Left Tulsa late Sunday night, stayed in Joplin overnight then headed for Nebraska City in the morning. Met up with Fabian Guerra, Pete McConnell, and Damon Shaw north of St. Joseph. Originally started for Beatrice, but by 3PM there was already a large messy tornado-warned storm between our location on I-29 and the road to Beatrice. We drove west a short distance toward the NE/KS/MO tri-state point near Falls City to look for structure, but could see none. Started getting rain and hail, so headed back to I-29. This storm would go on to produce the Albany MO tornado after we left it. No other good road options around the storm, so we just dropped back south and decided to target the I-70 corridor around Topeka. Saw the cell near Hastings but made the HUGE mistake of blowing it off - because the nearby Falls City storm looked so bad, we were concerned the Hastings/Hebron storm would be similar. Found out later that was the biggest mistake of the season - ouch. Was concerned about metro area chasing around Topeka and KC but it looked like the best area, and we thought there would be nice discrete cells along or south of I-70.

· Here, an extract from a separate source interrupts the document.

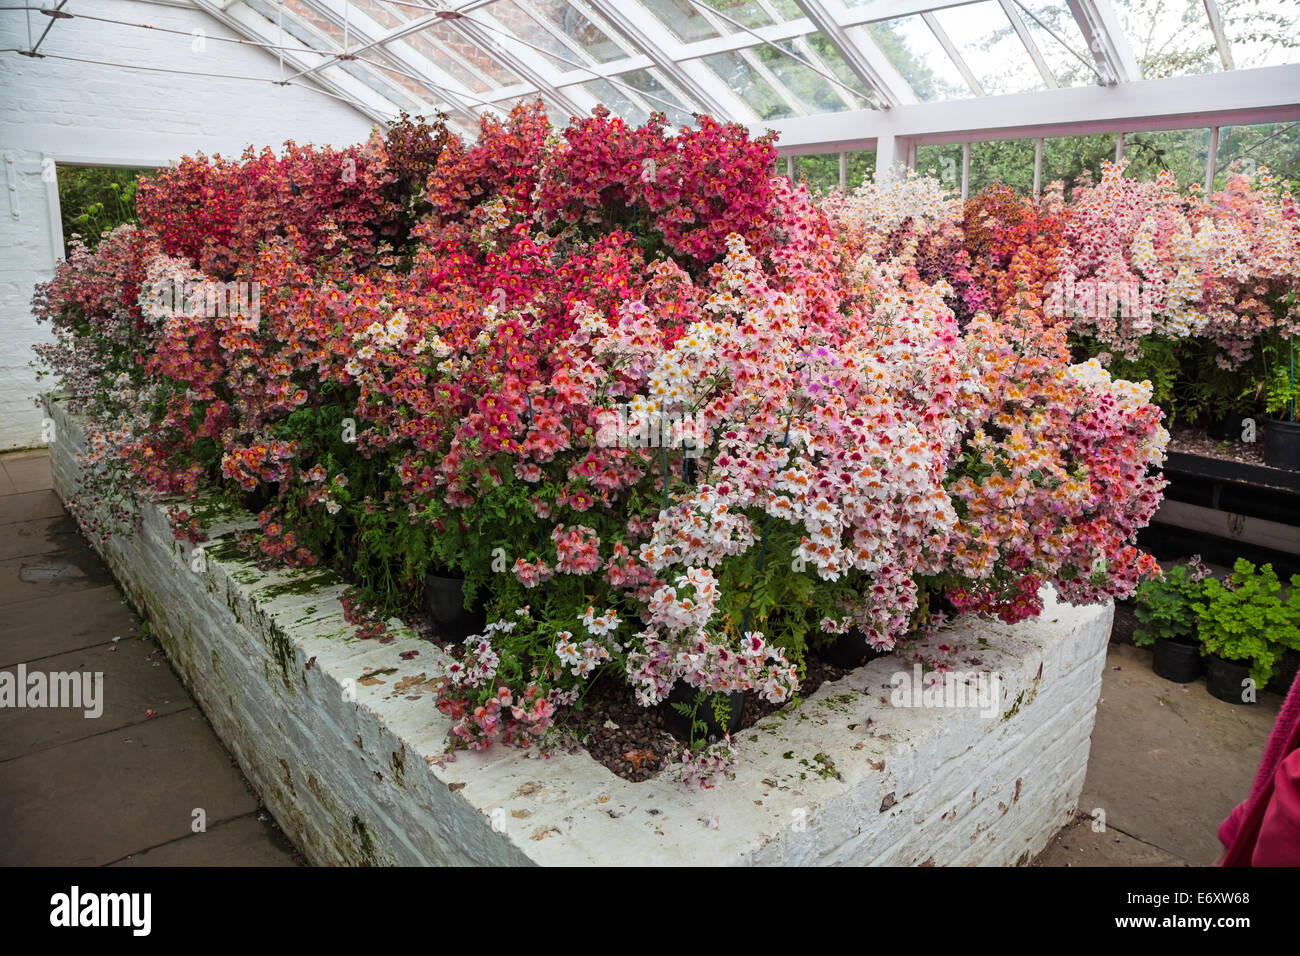 Colourful Schizanthus  flowers in the hot house or greenhouse at Tatton Hall Tatton Park gardens Tatton Cheshire England UK Stock Photo

When the Topeka cells went up, we jumped on them and were set up watching the rain-free base of the southern-most cell near Lyndon within 20 minutes:
http://wvlightning.com/2004/may24a.jpg
Great inflow and moderate rising scud motion under the base. Wall clouds tried to form and dissipate but just could not get going. Rotation was never very rapid but was distinct. Nice hook showed up on radar for a moment as we watched the storm. We repositioned several times to get closer, but everything fell apart as we got within a half-mile or so of the meso near Burlingame. A tornado warning was issued for Burlingame and the sirens sounded, but we never saw anything interesting. Dropped back south to get to a new cell forming on the southern flank near Osage City, under a constant barrage of intense CGs. Lightning was so intense and frequent that when we got to the base of the new storm at Melvern Lake, I stayed in the truck! If you know me that says a lot- I'm a lightning fanatic, but this stuff was rediculous:
http://wvlightning.com/2004/may24d.jpg
http://wvlightning.com/2004/may24c.jpg
http://wvlightning.com/2004/may24b.jpg
We could make out a new, large lowering to the northwest near Lyndon. Never could get a good look at it due to the hills, by the time we closed in on it it became disorganized and invisible anyway in the fading daylight. Stopped again at Lebo to shoot lightning photos on the backside of the storms, then headed to Emporia for the night.
It really hurt to see the awesome tornadoes that the Hebron storm produced, because we could have easily caught it had we decided to go for it. Oh well, you can't get them all! Still been an awesome season.